If you are purchasing a property with an abandoned oil tank, be concerned that you are playing with fire. Let's be clear, the concern with any oil tank is if the tank leaks. If the property with the abandoned oil tank has a report that includes soil testing you should not have any concerns, but that is not the common situation when a property has an abandoned oil tank.
The real hurdle regarding a property with an abandoned oil tank is that the owner does not want to do anything with the oil tank. People will say the tank is fine, that they, themselves, purchased the house with the abandoned tank so its fine for those homeowners because they don't have the monies to remove the tank.
So what is the underlying issue? The homeowner doesn't want to find that the tank is leaking. It's costly to remediate, and they can easily pass that along to buyers who don't do their due diligence. In some cases, buyers are tempted to take a credit for tank removal to allow the sale to go through.
This photo is from a leaking oil tank. Cleanup cost exceeded a $100,000.00
I cannot advise having the work performed after settlement as you do not have enough data to determine what would be a prudent amount of money to set aside in escrow in the event that the oil tank leaks. For your reference, a small oil leak can cost $5,000.00 to $10,000.00, with larger oil leaks costing tens of thousands of dollars.
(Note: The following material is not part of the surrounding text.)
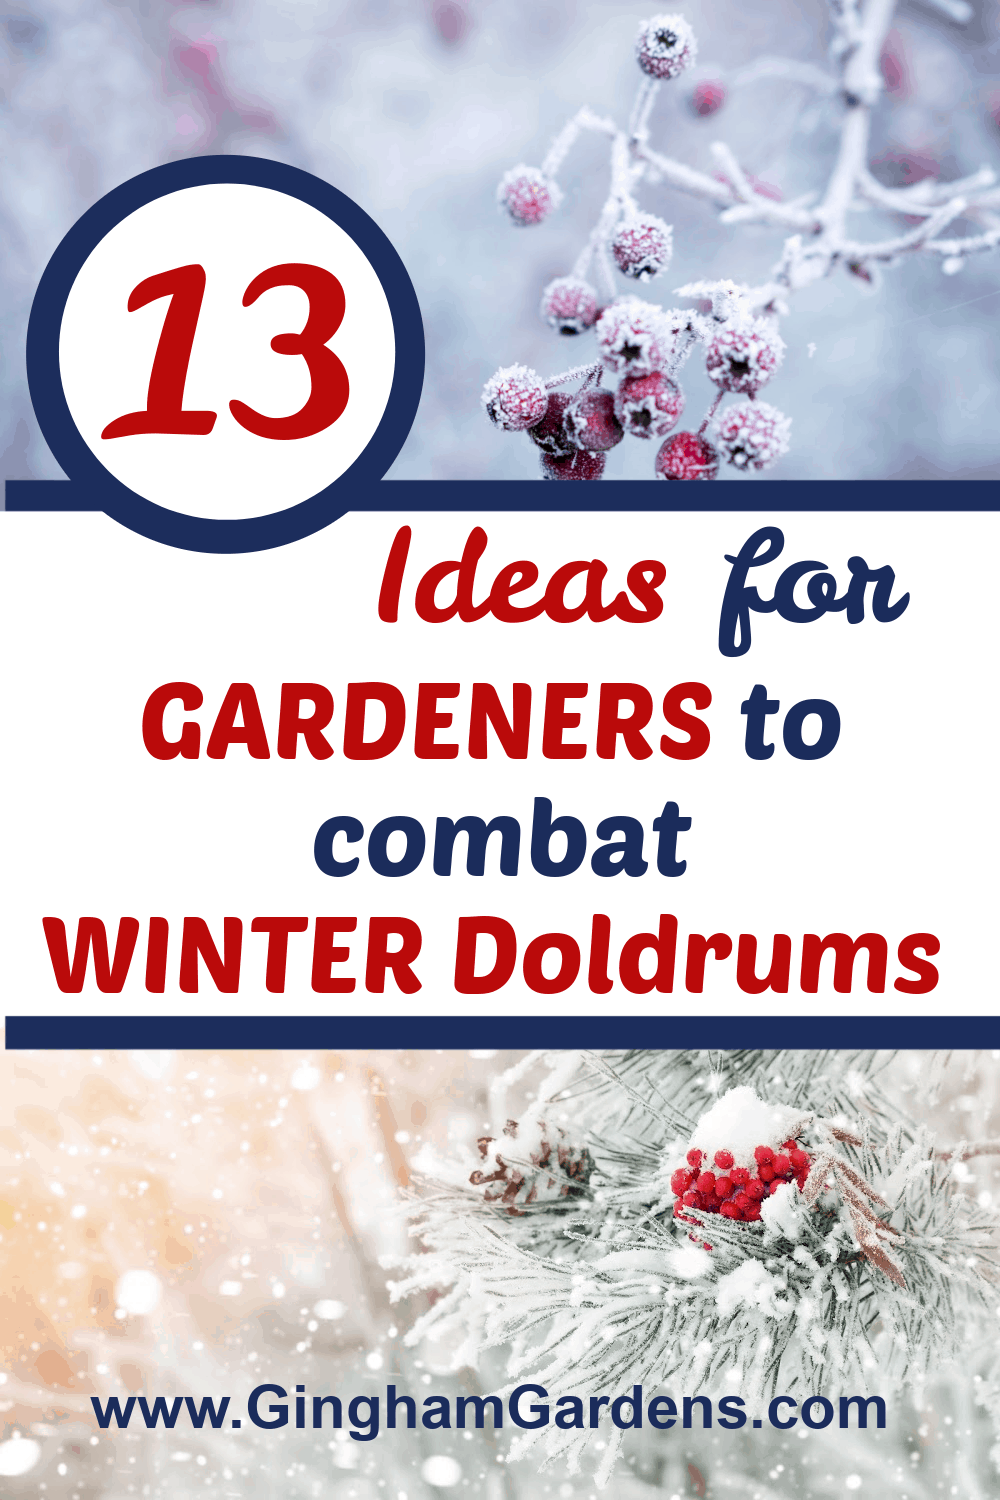 Winter Outdoor Images with Text Overlay - 13 Ideas for Gardeners to combat Winter Doldrums

In the absence of a written narrative (report) from the tank closure company and associated laboratory analysis that would have been performed during the closure activities, you cannot say that the tank does not represent an environmental issue.
Oil tanks represent an unknown financial liability that can affect the value of a home, the ability to obtain a mortgage and homeowners insurance. Since the abandoned oil tank is the hurdle to overcome in a real estate transaction, removing the oil tank is the logical course of action.
An Abandoned tank, closed in place tank, decommissioned tank, can mean many different things.
Abandoned oil tank can mean:
Tank is abandoned, stopped using it and left it "as is". Think of it as an abandoned car.
This oil tank was abandoned 11 years ago when they switched to natural gas. About 75 gallons of oil was left in the tank or should I say abandoned.
Oil tanks abandoned in place means something was done to the tank, like filling the tank with sand, stone, concrete or foam. The question is was the tank cleaned and sampled? A report would help secure this situation and address concerns of a tank leak. This situation commonly has no documentation regarding the tank leak, the reason being is the owner didn't want to find a problem, so no test, no problem can be found. This is legal, but leaves the unanswered question regarding a tank leak to be answered when the property is sold.
Tank abandoned in place with a permit and inspection by township, city or municipality. This is the most dangerous of abandoned tanks as buyer and sellers assume that the permit and inspection portion of the work certifies the tank as non leaking. This is actually not what the town inspects for they inspect for the physical work completed.
Abandoned oil tank, no paperwork, current owner bought it with the abandoned oil tank. Tank was abandoned from a prior owner and there were promises that it was done properly but you have no written documentation.
This tank was abandoned in place, we removed sand, slate pavers, bricks and beneath all that was oil.
Tanks abandoned in place and the work was done by the homeowner with some friends. No permits, but a really good story about what hard work it was to do. Yes - this does happen and 99% of the time the DIY tank abandonment is not performed as well as it could have been performed. Think about it if you have never done something before how good are on your first attempt?
This tank was foam filled, but the tank was never entered and cleaned. So oil remained in the tank. You can see how the foam is discolored from the oil.
Tank abandoned in place, but the tank was actually best served to be filled in place due to obstructions. Meaning there are tanks by pools, under decks, under garages, basically in a location where it would be excessively expensive, even dangerous to remove so the tank gets abandoned in place. This is common on commercial tanks as commercial tanks are larger and longer and removal causes a larger footprint of disturbance. In this circumstance after the tank is cleaned samples are acquired and a report documents that yes a steel object remains on the site, but it is technically no longer a tank as it can't hold liquid (there is a big hole cut into the top of the tank). This is what we do to document commercial tanks that are abandoned in place, you should expect the same for any residential tank. Why an abandoned tank may not have a report is either the owner not wanting to test and find a problem, cost, owner went with the cheapest company (cheap means something is lacking) or simply the company that did the work doesn't test, or isn't licensed for testing.
25 plus years of oil tank work, Curren Environmental can confidently say 99% of oil tanks can be removed. So many abandoned tanks should have been removed but were not. Don't buy a property with an abandoned tank that you are not 100% certain it did not leak.